Se tudo correr conforme acordado na véspera da convenção, Perillo deixará o cargo antes da eleição de 2026, passando o bastão de volta para Leite, que quer ter o controle do partido para se lançar candidato à Presidência da República. “O Eduardo deixou o partido um pouco largado. O Marconi chega para oxigenar”, opina o senador Izalci Lucas (PSDB-DF), um dos maiores críticos à gestão de Leite. Carne e unha com o bolsonarismo, Izalci vem sendo cortejado pelo PL e pretende se lançar candidato ao governo do DF.
Na convenção que marcou sua despedida do cargo, Eduardo Leite contemporizou, como costuma fazer. “Para sermos um só Brasil como desejamos, precisamos arbitrar as nossas diferenças internas e as nossas posições diferentes e divergentes dentro do nosso partido.” Elogiou seu sucessor, destacando que Perillo “tem capacidade política de articulação”.
O governador gaúcho, repetindo o que tem feito em discursos Brasil afora, citou o PT como um exemplo de perseverança. “Nos últimos anos, alguns diziam que o PT havia acabado.
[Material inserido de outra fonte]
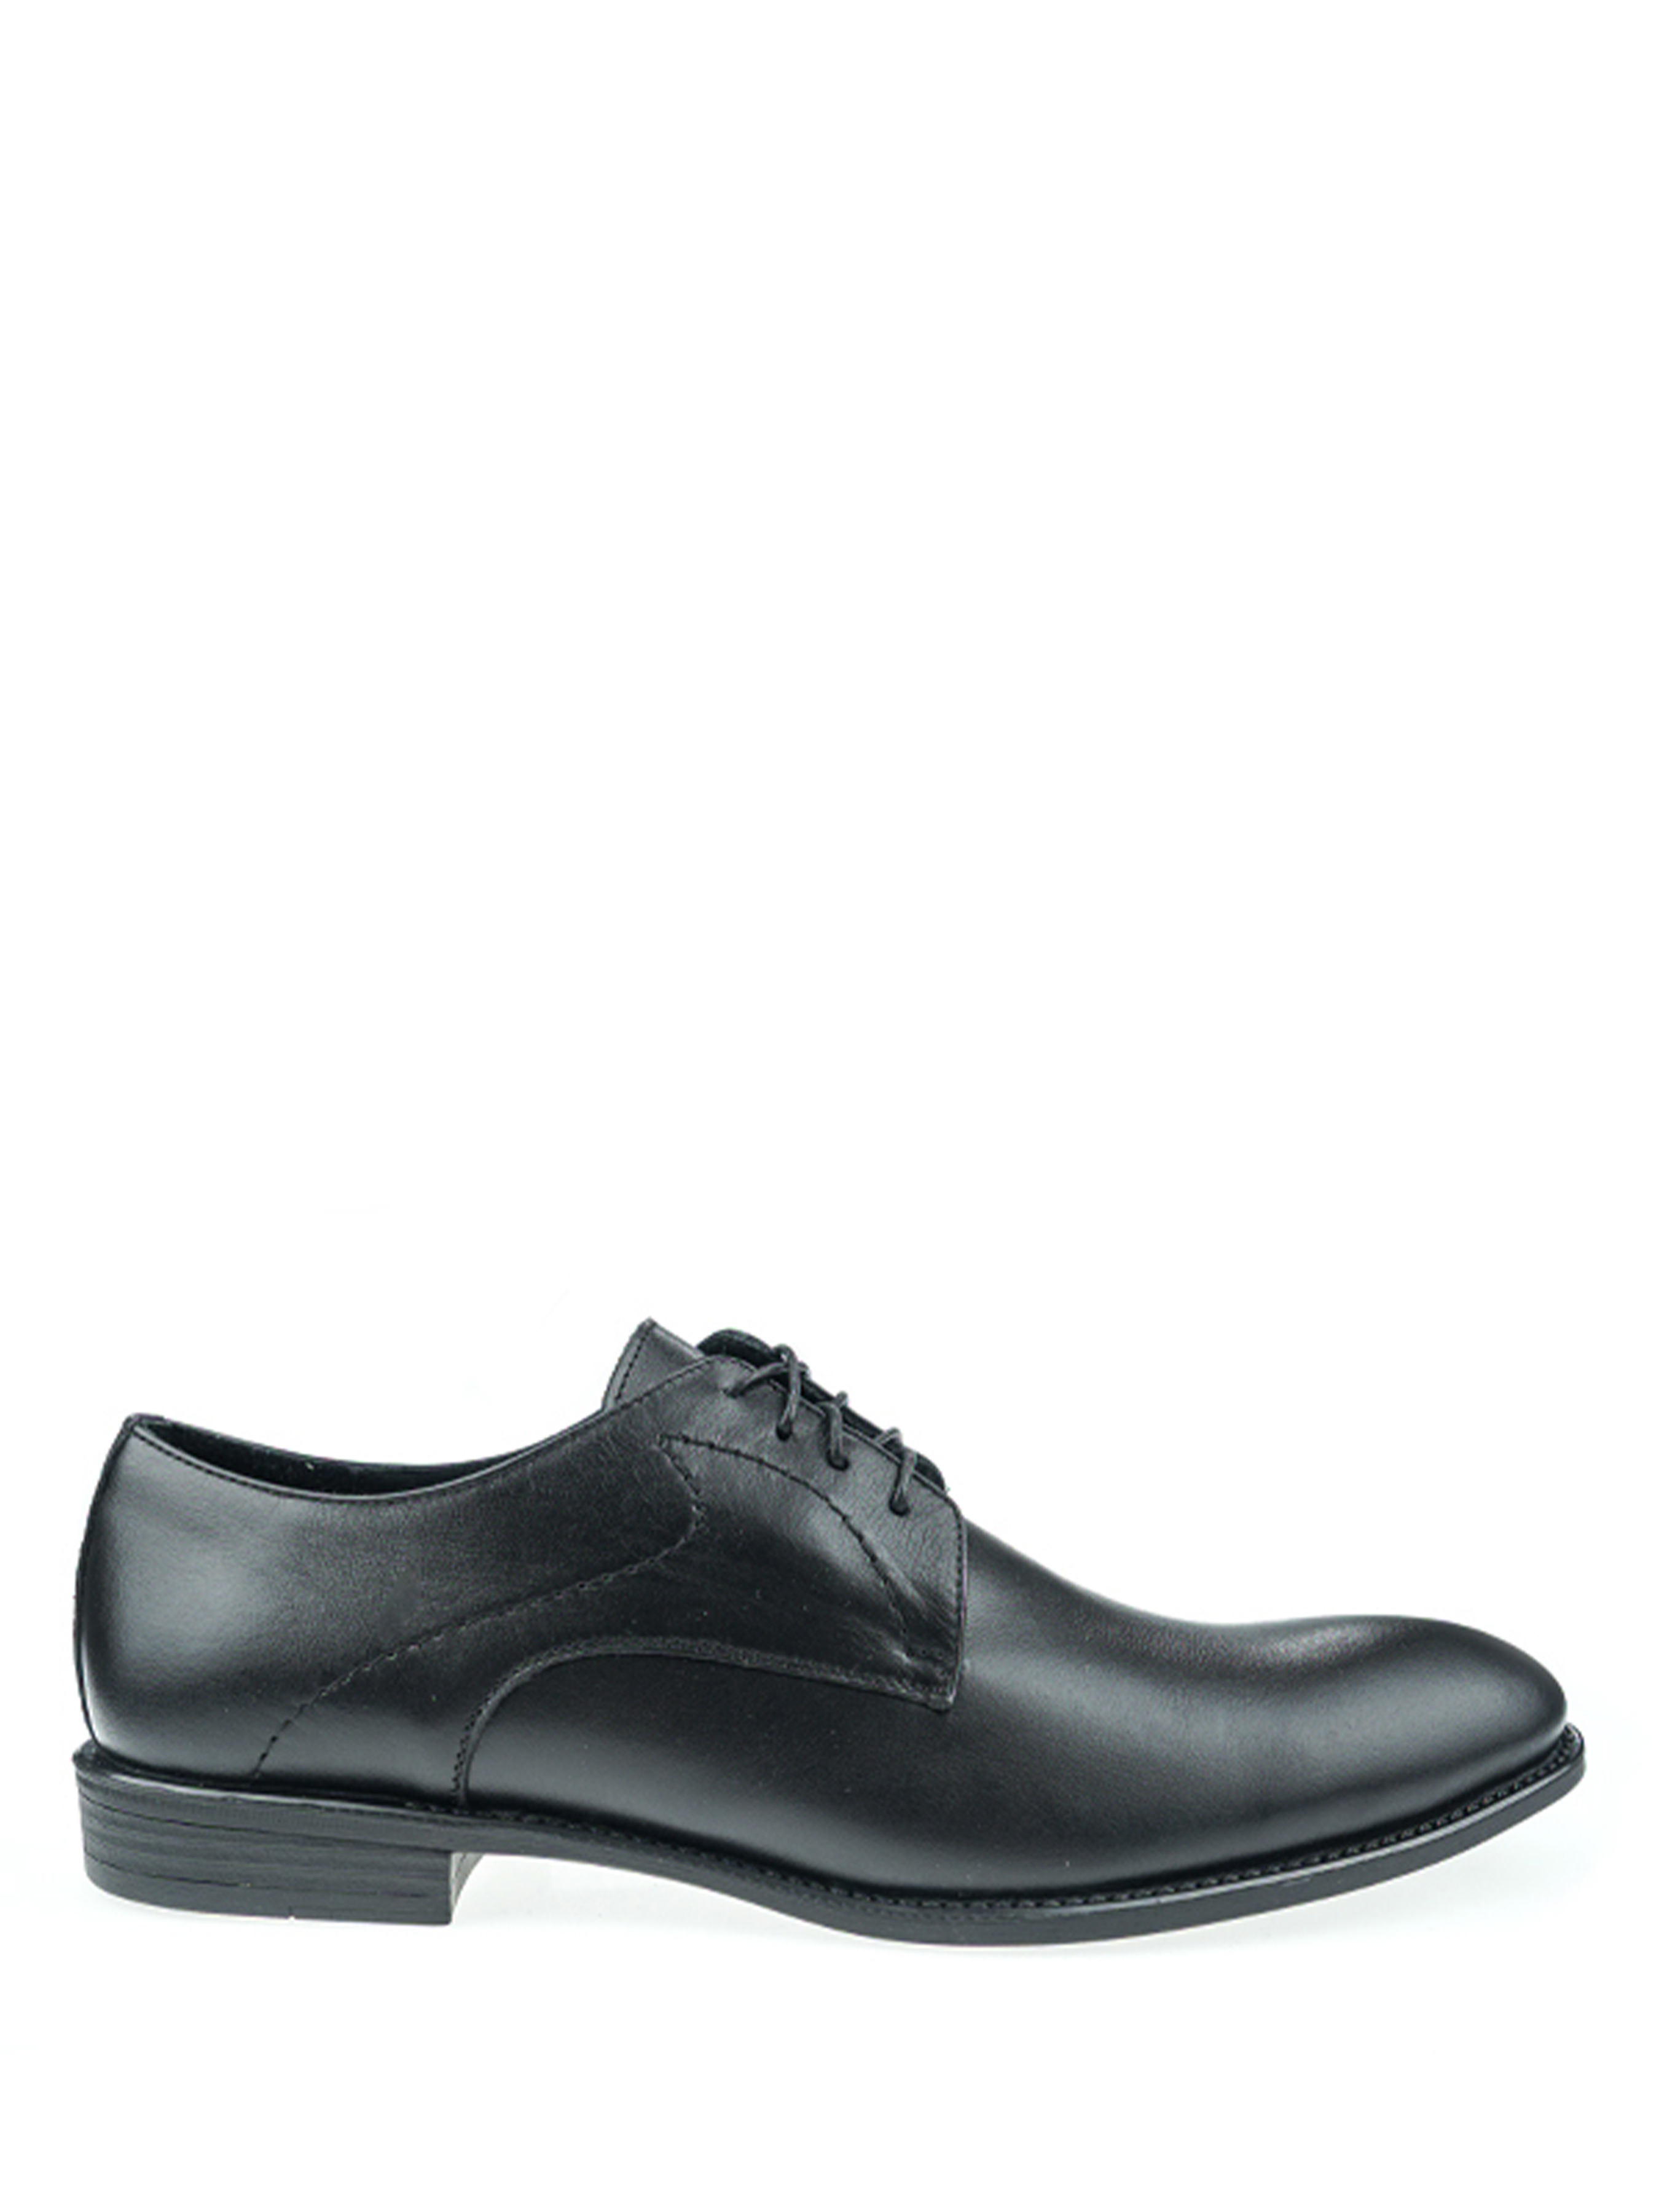 Полуботинки для мужчин LiONEli 3G22 размеры обуви, 2017
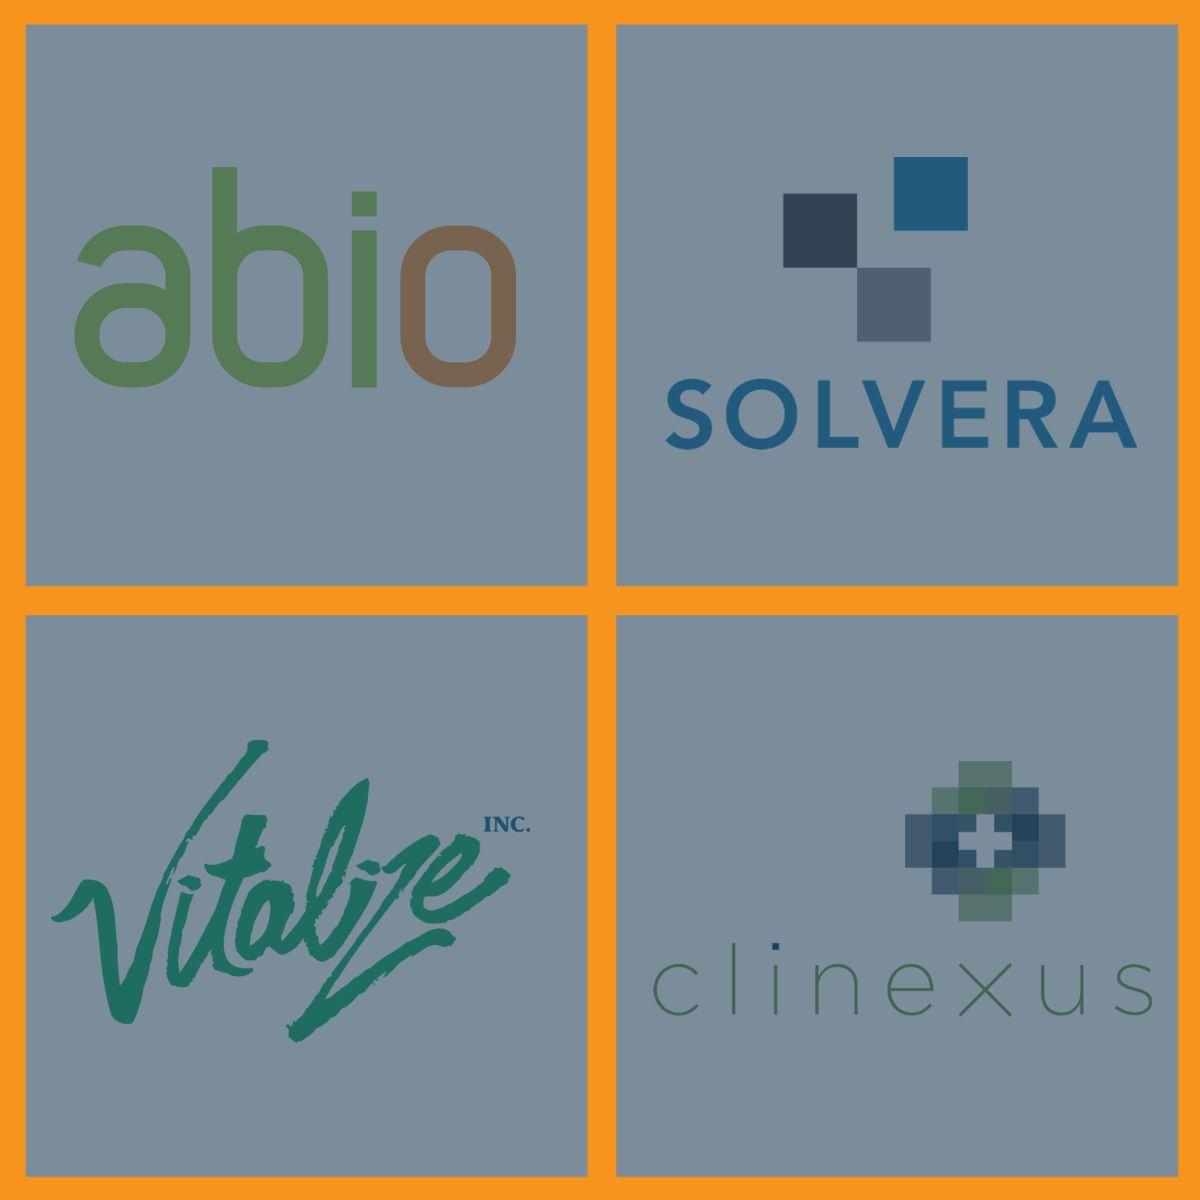 4 Logos Framed.jpg

E o PT agora está de volta ao poder”, afirmou, emendando: “O PSDB quer se manter vivo com o seu DNA, com a sua forma de pensar política para gestão pública para que, no momento que a população começar a notar que essa polarização fratricida não está levando a lugar nenhum, ela tenha alternativa de um partido que é distante desses polos.”
A convenção foi repleta de referências ao passado, era de glórias tucanas. “A nossa história é o nosso passaporte para o nosso futuro”, disse Aécio. O contraste com a atual situação do partido torna essas comparações melancólicas. O mestre de cerimônias Carlos Rudiney, que apresentou o evento em Brasília, deixou transparecer a tristeza. “Das dezesseis convenções do PSDB, essa é a décima segunda da qual eu participo. Sei que já lotamos ginásios. Vamos lutar para voltar a ser grande”, afirmou. No auditório, cabiam cerca de trezentas pessoas. Nos anos 1990, seria impraticável organizar um evento ali: só de deputados federais, o partido tinha cem. No Senado, chegou a ter uma bancada de catorze tucanos.
Perillo sabe que não adianta nada se respaldar no passado. “Vamos buscar jovens para o partido, transformá-lo em digital”, prometeu. Sua meta, ele disse, é aumentar as bancadas no Congresso. Difícil é achar deputados e senadores interessados em migrar para o PSDB.